-
Notifications
You must be signed in to change notification settings - Fork 241
Description
Sorry for the long post, I wanted to brain dump this stuff in case anyone else is interested.
#1712 got me thinking about .ksm files in general and why they are so gosh-darn big. In my experience they are always larger than a minified text version, and often bigger than the text version with whitespace and comments. This has always seemed ridiculous to me so I decided to start investigating a couple days ago and I now have numbers and suggestions!
All my testing so far as been done with boot.ks which I've heavily hand-optimized in the past. This may not be totally representative of scripts in general, but being able to compete with a hand-optimized and minified version seems like as good a place as any to start:
- as-is the file is 2403 bytes
- minified it's 1014 bytes
- compiled with KOS 1.0 it's 2593 bytes (yup, bigger than the source file)

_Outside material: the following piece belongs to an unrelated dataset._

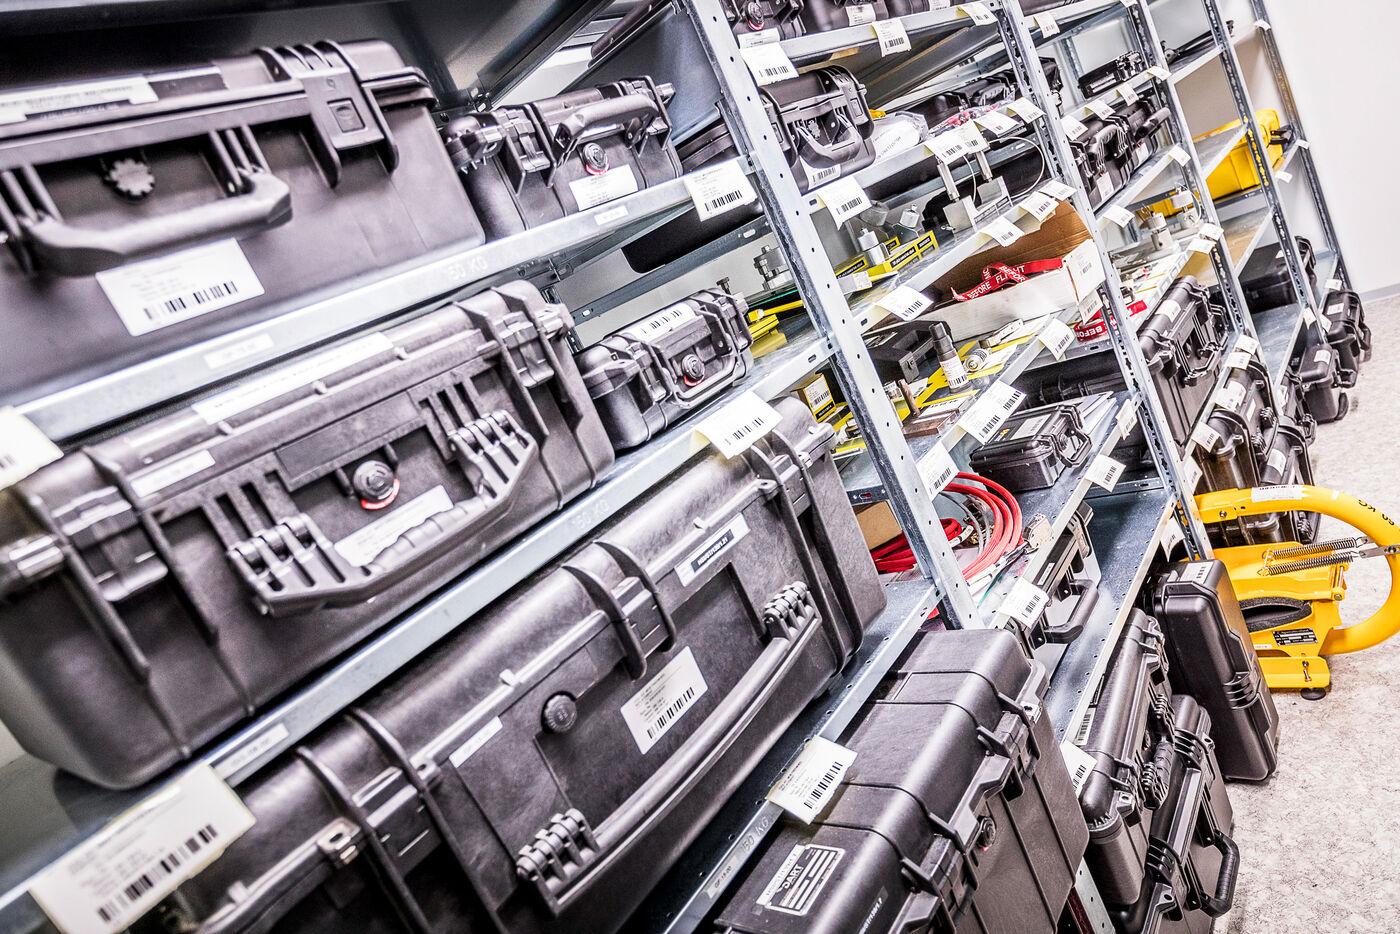 Werkzeug Manager / Toolsmanager - Job Emden - Jobs at Heli Service International GmbH

I started by writing a disassembler for ksm files so I could see what was going on under the hood. The output below is from the summary section of this tool (I also dump the full symbol table and instruction listings).
Starting Point
File Size: 2593 bytes
Arguments: 147 in 922 bytes (6.3 avg)
Strings: 818 bytes
Label: 26 in 182 bytes
Magic: Args 33 Ops 33
Code: 365 ops w/ 324 args in 1013 bytes
PUSH x150 450
CALL x31 155
PUSHSCOPE x14 70
LABELRESET x19 57
RETURN x17 51
PUSHDELEGATERELOCATELATER x8 40
POPSCOPE x13 39
BRANCHFALSE x11 33
Debug: 600 bytes
First Pass
The debug section takes a ton of space. It's like bundling a .pdb and functionally isn't required (this is no different than minimizing a text file to be all on one line). I also noticed that there were 33 separate copies of the "magic" stack marking value in the arguments table. Apparently KOSArgMarkerType doesn't have an Equals/GetHashCode override so a new value is added for pretty much every function call in the code.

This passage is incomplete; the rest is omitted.